NH7 has a video on YouTube, which has Aditya and Tarun Balani on guitar and drums, and Khan on the sarangi, playing Zindagi. It is supposed to be a recording of them performing the song, and also to create a music video of the same. The visuals are a time capsule, switching between heavy block-like frames, filters and color gradings that one associates with the early 2010s YouTube videos. The handheld camera flips extremely quickly between all the players, and that is how the instrumentalisation also works, with the drums, Balani’s incredible segment of a solo, Khan’s sarangi, all tied together by the latter’s vocals. Khan’s lyricism is commendable, as he whips out lines like “yeh ganga teerath kya hai jab maile se mann ko saaf na kiya” and “kyu shor badh paya hai sukoon main kaisa tumne mahaul kiya” with ease.
Laage Re is perhaps one of the most popular tracks off the album, and for good reason. Moreso than anything that is said on the track, Khan’s crescendoing sarangi cuts through your chest as he calls “aaja naa jaa, main waree, tope jaaoon jee / aaja gar-a, main waaree, tope jaaoon jee”. There are very few fusion albums out there which get the absolute relinquishing in any form of love derived from sufi music right, but this one gets it. There is a tear-inducing element to how the sarangi quells on this one, “a tug at the heartstrings”, as someone [me] going for a more cliched expression would say. Qalandar is another brilliant track, with the lively syncopation of the drum beats adapting the arrangement of a gradually quickening dance routine.

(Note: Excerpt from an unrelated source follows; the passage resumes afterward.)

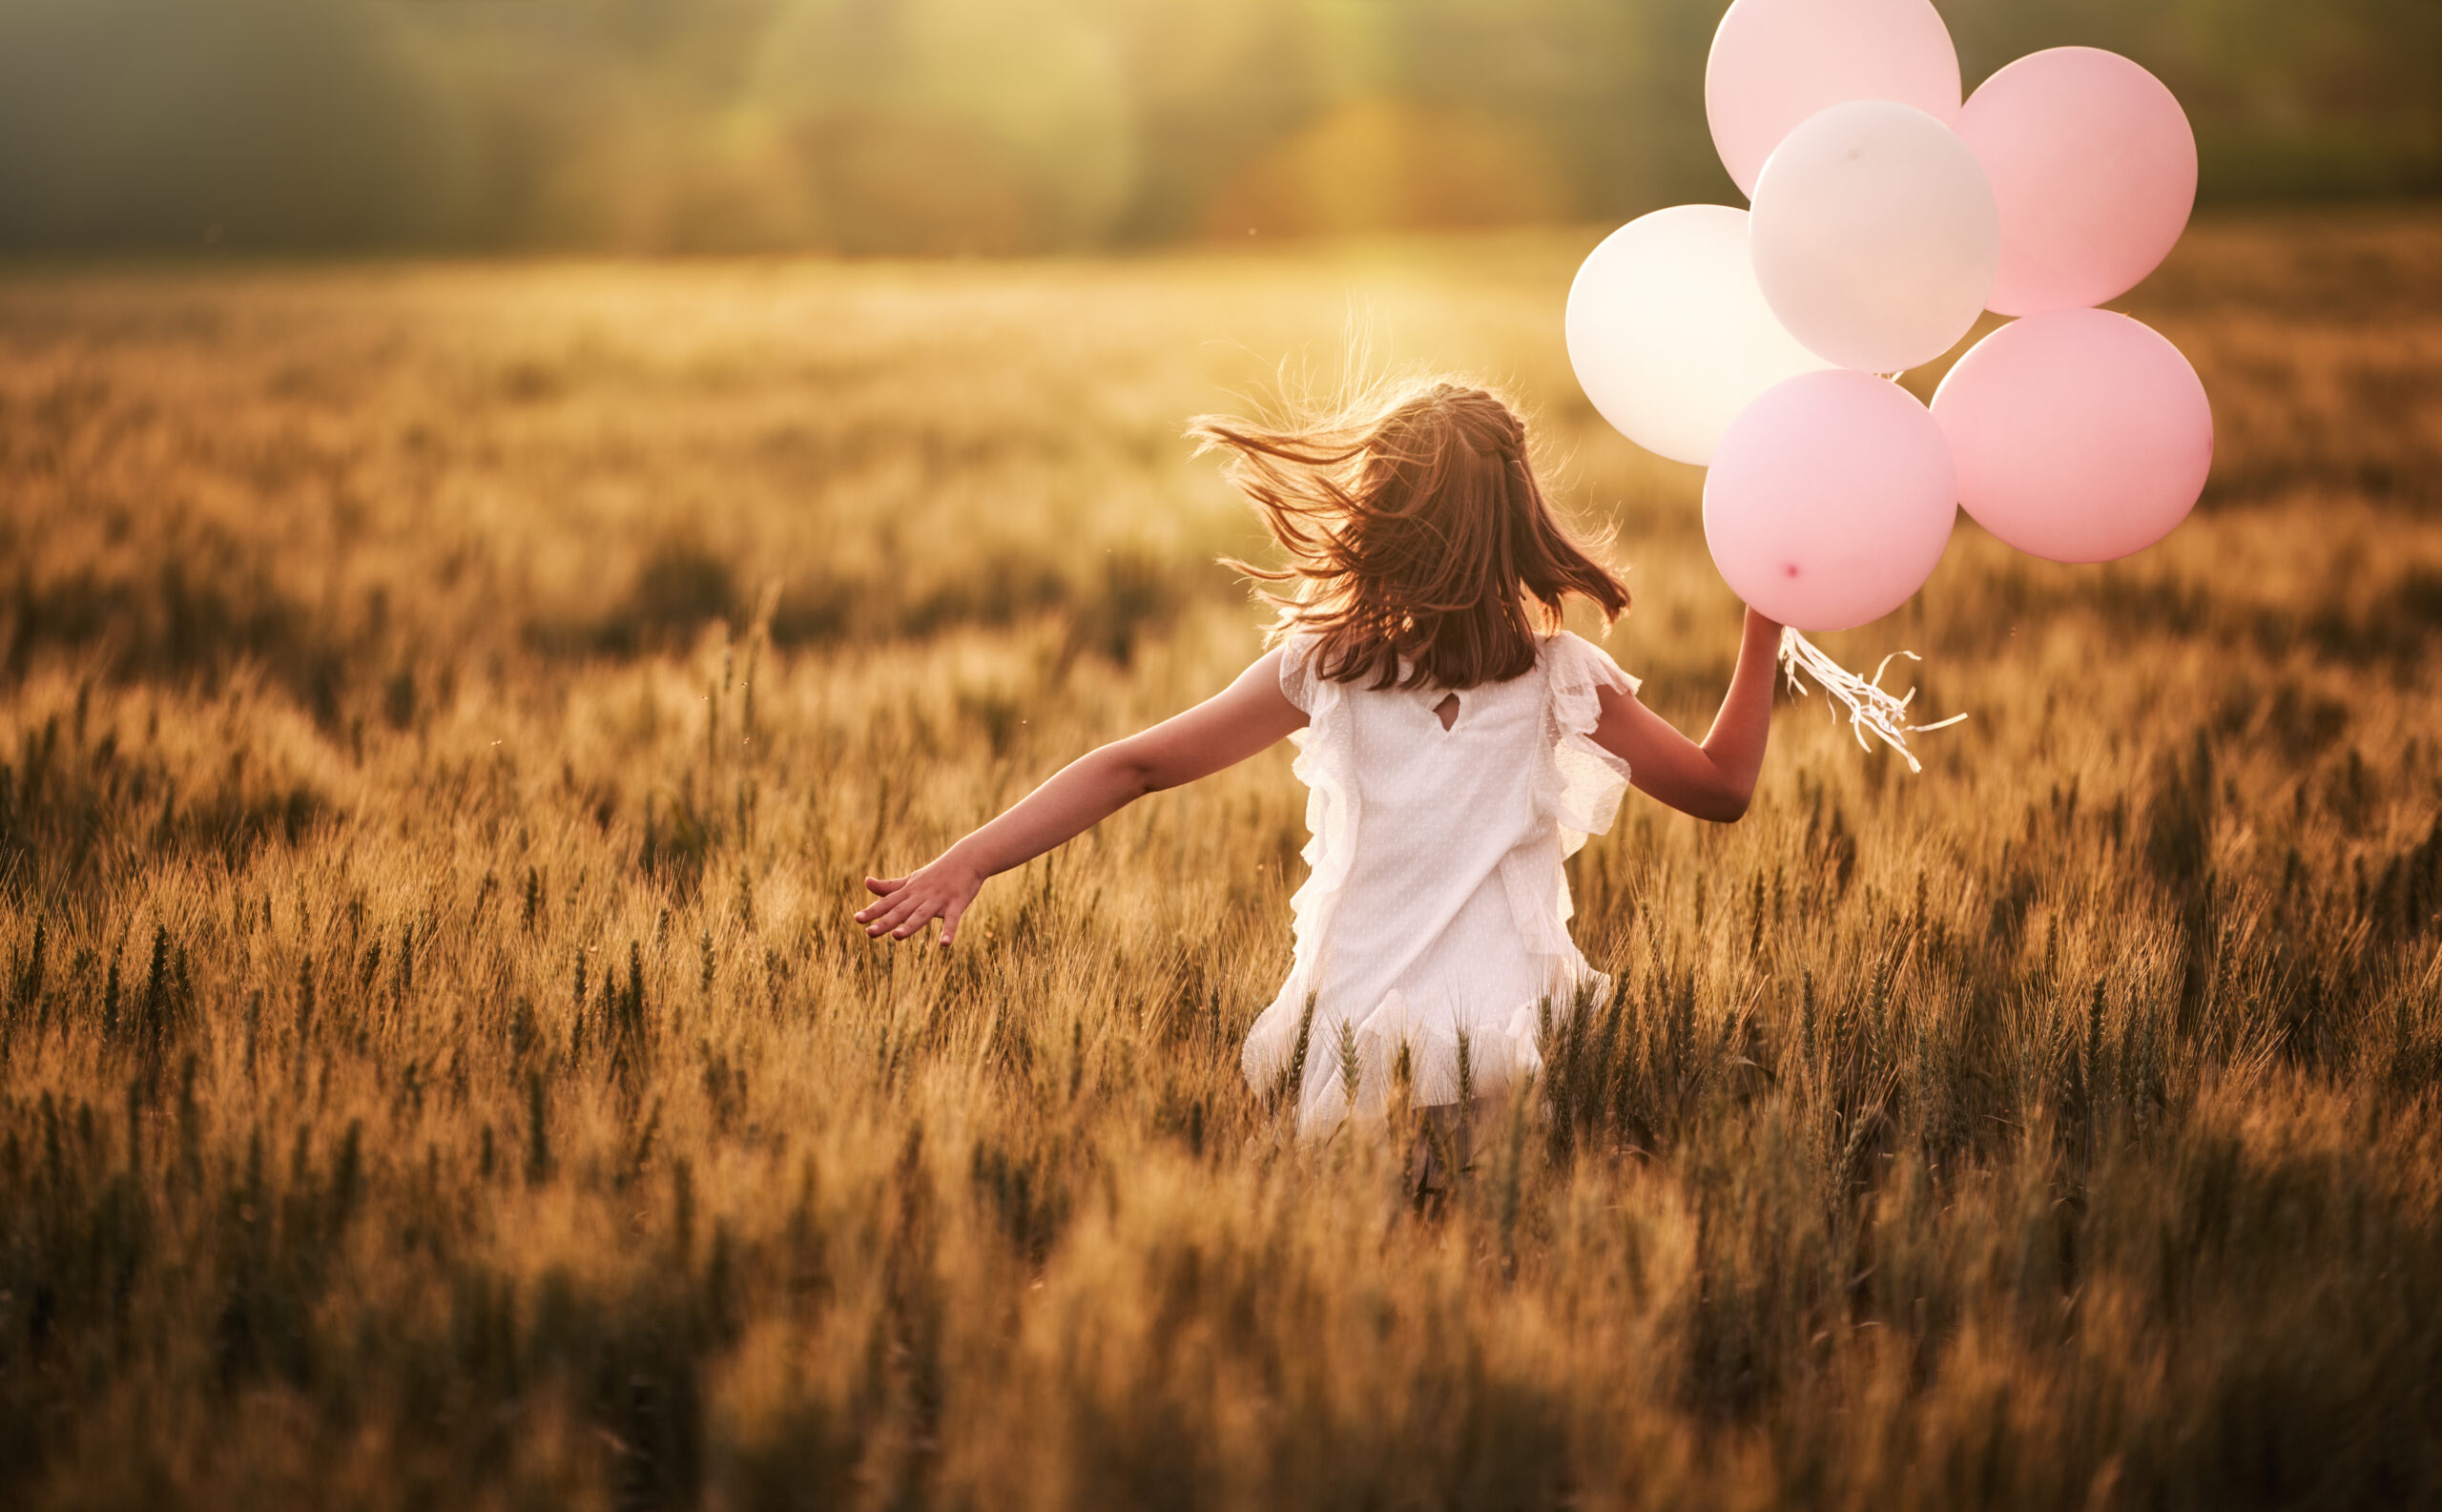 Girl running through field holding pink balloons

The album ends with a reprise of Zindagi, sung by Shilpa Rao. Rao’s clear vocals accompanied by Tomos Williams’ trumpet is much simpler a soundscape than the ones that precede it. However, I think it is an appropriate curtain drawer, there is a dream-like element to the singer’s delivery, and the trumpet is almost mystical, wistful — first separate and then interspersing to form the sonic equivalent of looking up at the sky in a more vacant stretch of a city road. Perhaps that is why the album art features an open sky and a deconstructed architectural space, or maybe that is only my interpretation — but then, maybe that is the purpose of music, to interpret, reinterpret, encode meanings to a body of work, and somehow it all turns into questioning the many trials and tribulations of life and its incomprehensibilities in song form — after all, these are the remains of our days, held in firm and shaky hands.